We had a Wisconsin engine and the pump on yours looks the same. The one we had, had a rubber flap inside the output pipe on the pump. I expect if there's one in yours it's dry rotted out. We replaced ours several times. The pump won't prime if the flap doesn't seal good. You may already know the large glass tube on the rear is used to prime the pump. It uses vacuum from the engine to pull the water up the suction pipe.Once it's primed turn those valves off so it doesn't suck water in to the engine. Make sure the suction line is sealed also. Again it won't prime if it's sucking air from the outside.

Hope your pump was winterized when it was stored away. I know nothing about that engine.

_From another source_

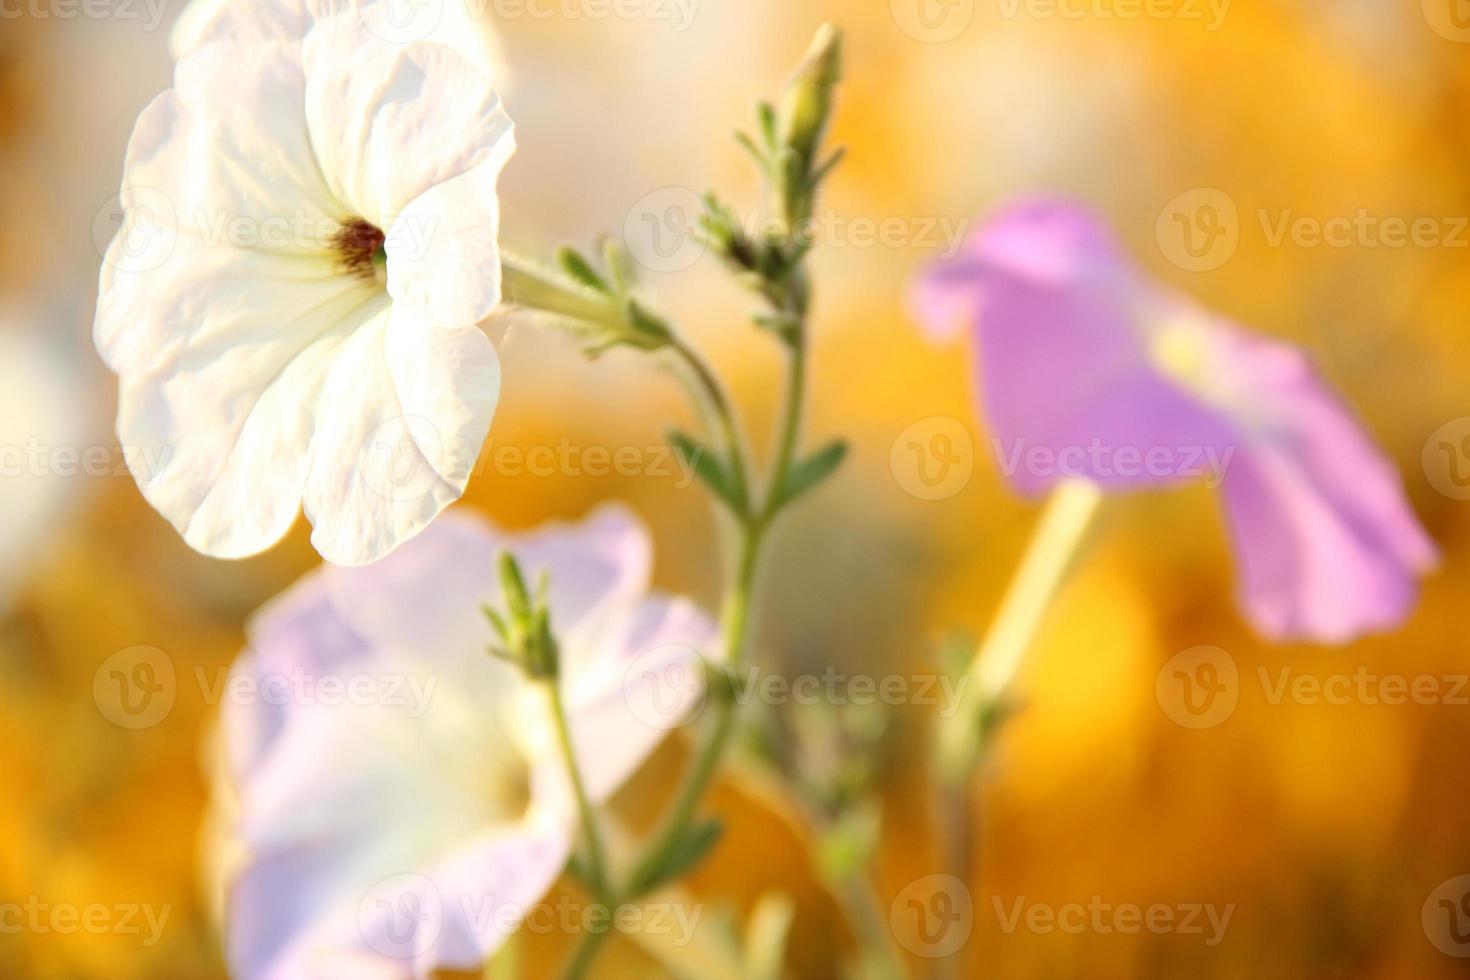 petunia pittoresco 1 foto

Being in flu cured tobacco area we had all kinds of irrigation units. Help a friend take off an old straight Buick engine that threw a rod. Went back with a 340 duster engine. Man that thing would pump water. Used 11 gallons of gas per hour. Course that's when gas was around 60 cent too.
 
JM is right. Pull the head first. I cracked a piston once by smashing a bunch of dry rust between the piston and cylinder head on an engine that had been sitting for years. Chrysler flathead parts are easy to find. They made flatheads until 1972? Or was it the late sixties? There's a good chance yours is a 251 industrial. If you have to tap down on the valves do it very carefully and tap straight down on the middle of the valve. They bend easy. A slight bend that you can't see will make the valve not seat all the way around. Ask me how I know, well maybe you shouldn't. LOL Jim
 
If it turns a little bit... take the pump apart FIRST. Do not pull the head until it is determined that the pump is clear. There's probably a dozen mouse nests in there, all soaked with mouse pee, rusting the impeller to the volute
 
If I saw the other side I could tell you for sure if that's the same engine as they put I the 82 and 92 Massey combines. If Ralph Bauer sees this post he can tell you as he just bought a really nice super 92. That would make things easier to find if you can provide something that they were put in.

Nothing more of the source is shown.